The dollar strengthened as Ukrainian protesters were called to a rally in Kiev’s Independence Square to help mold an interim cabinet as tensions flared in the Russian-speaking Crimea region after pro-Western politicians took control of the capital.
Yellen said this month the economy has strengthened enough to withstand cuts to monetary stimulus, adding that only a notable change to the outlook would prompt the central bank to slow the pace of tapering its bond purchases. She is scheduled to testify before the Senate Banking Committee tomorrow.

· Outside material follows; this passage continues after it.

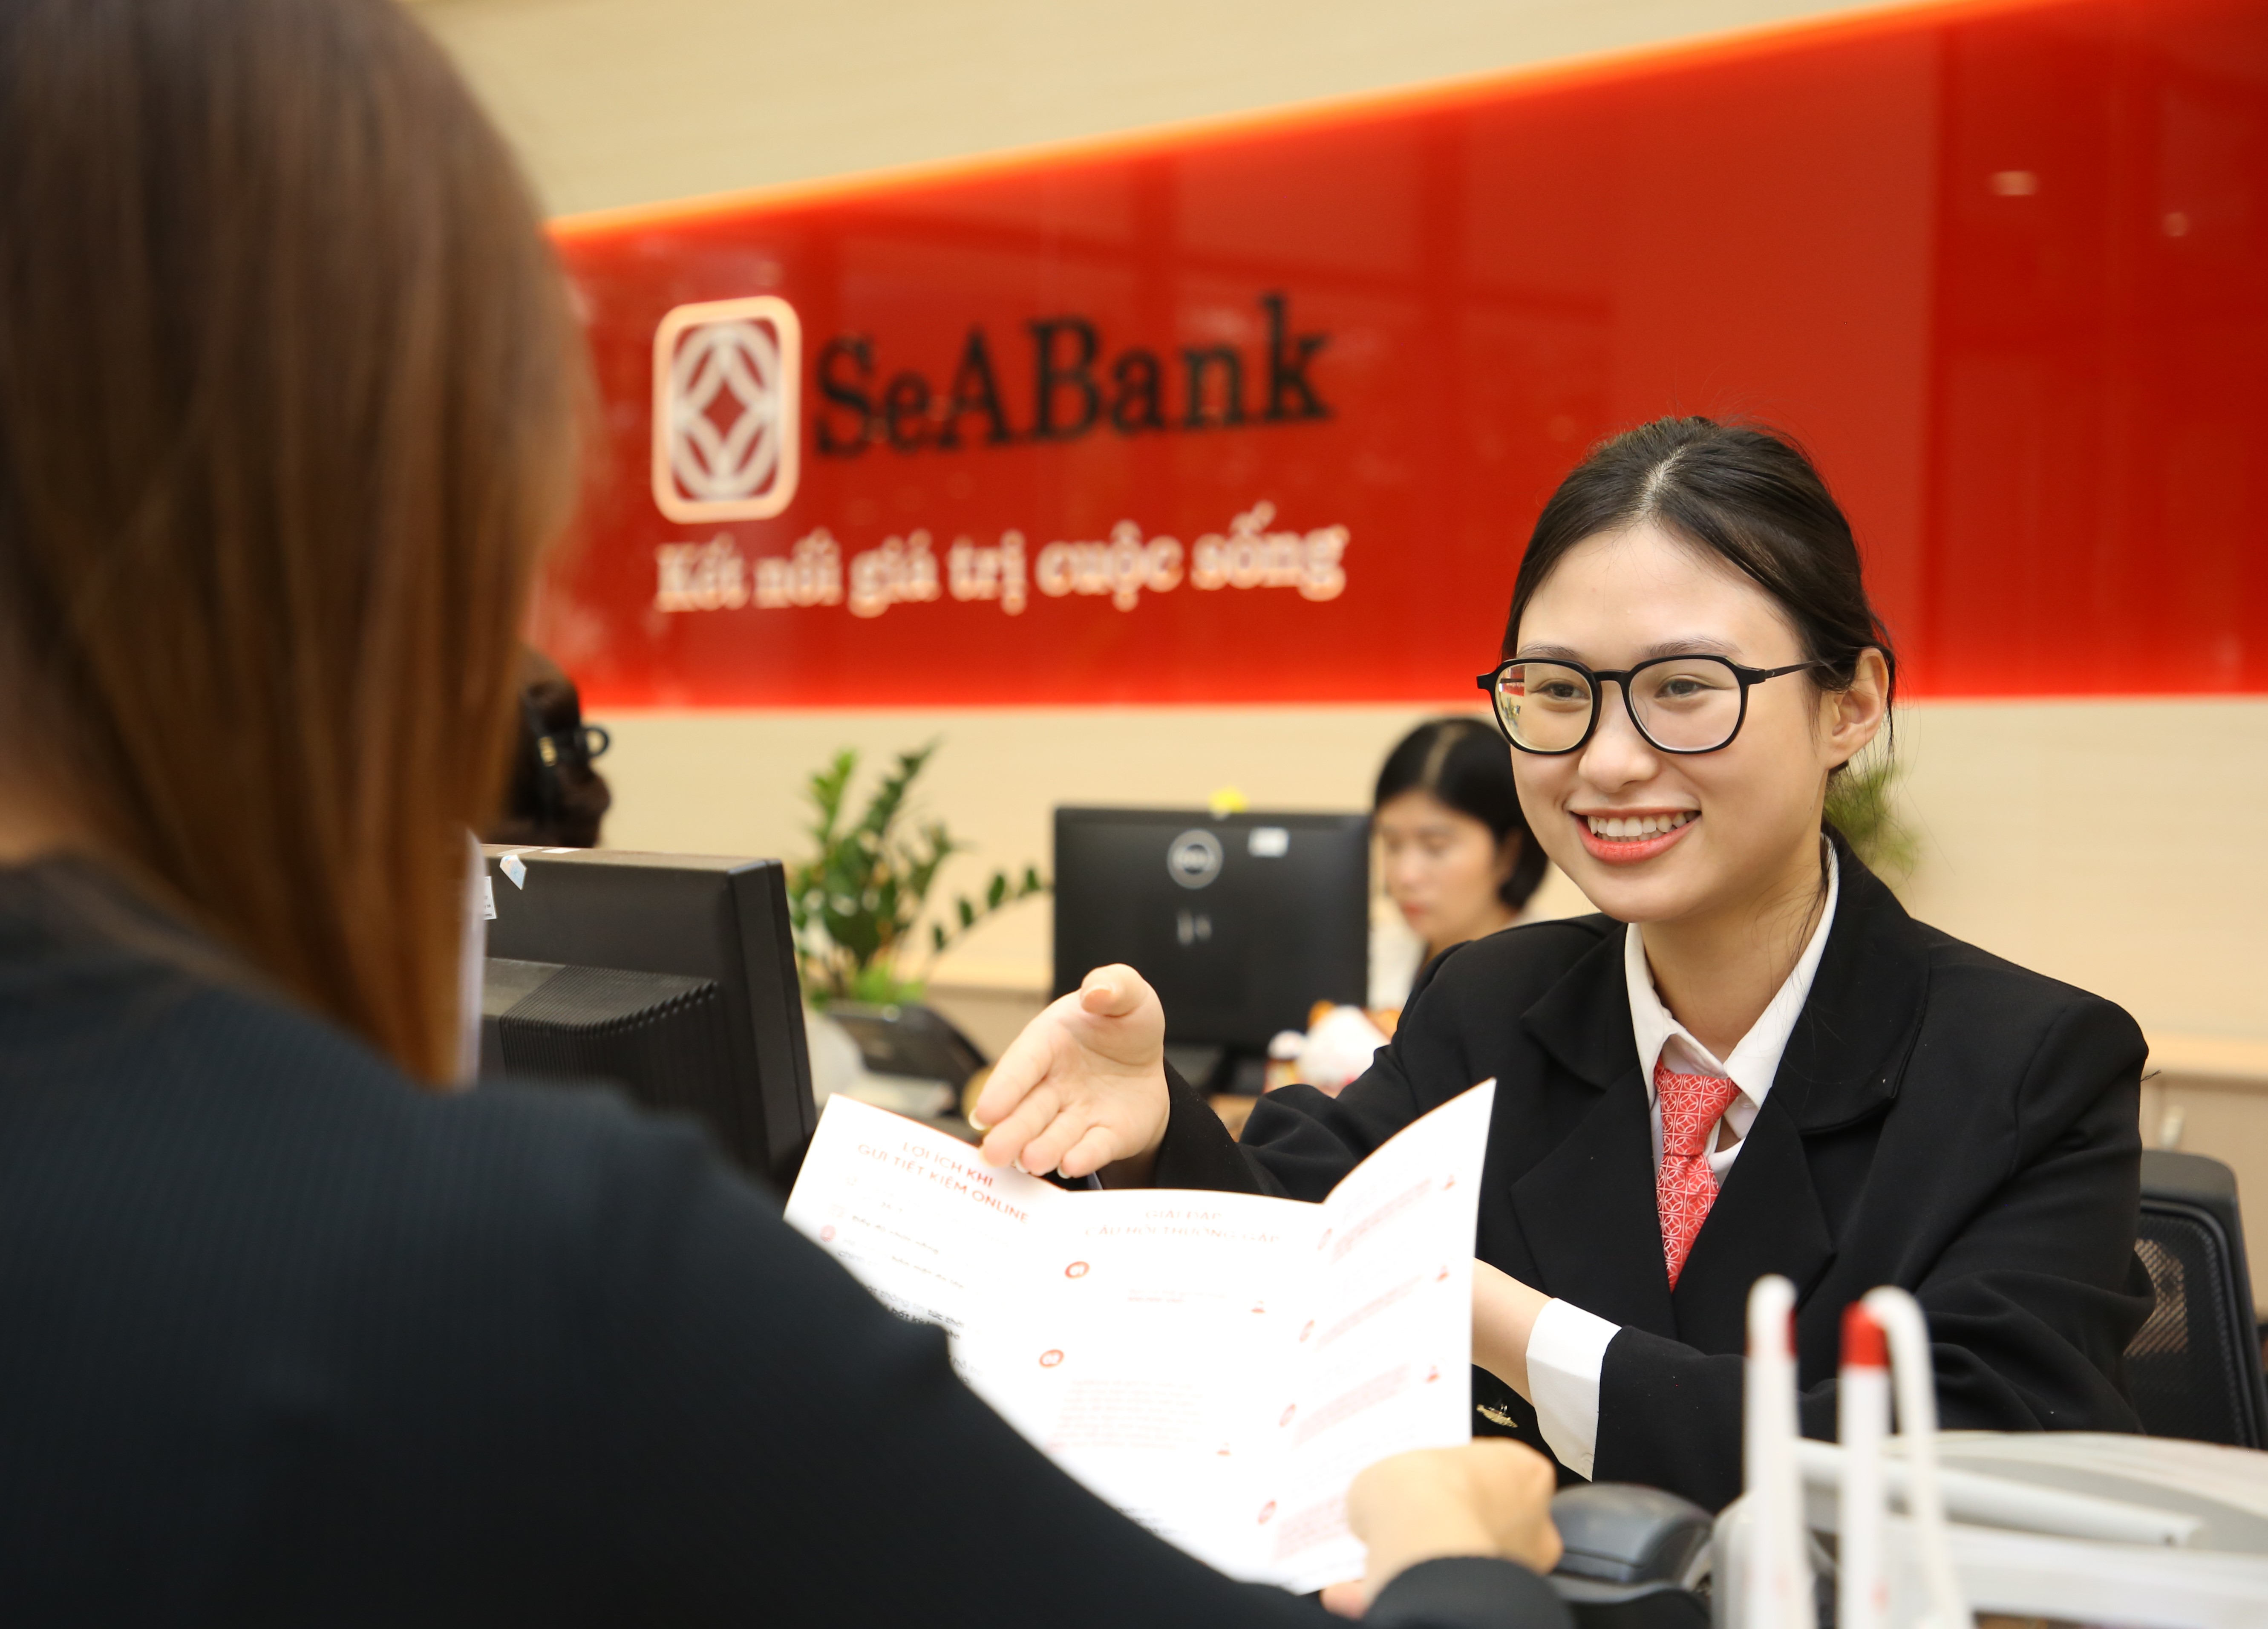 SeABank được Fortune vinh danh trong bảng xếp hạng lần đầu công bố - Fortune Southeast Asia 500

“Any data or any Fed speakers going forward that reiterate the Fed’s tapering is dollar-positive,” Omer Esiner, chief market analyst in Washington at the currency brokerage Commonwealth Foreign Exchange Inc., said in a phone interview. “Investors are really concerned about how weak economic data may influence the outlook for monetary policies.”
The central bank cut its monthly bond-buying program by $10 billion a month in January and February, citing economic improvement, to $65 billion.
Purchases of new homes increased 9.6 percent to a 468,000 annualized pace, exceeding the highest estimate of economists surveyed by Bloomberg and the most since July 2008, figures from the Commerce Department showed. Demand improved in three of four regions.
“The market got whiplashed by the new-home sales report, it’s 180 degrees different from what we expected,” Michael Woolfolk, a global-markets strategist at Bank of New York Mellon in New York, said in a phone interview. “She’ll continue to say temporary factors will depress first-quarter growth, but the committee believes the outlook for 2014 is positive.”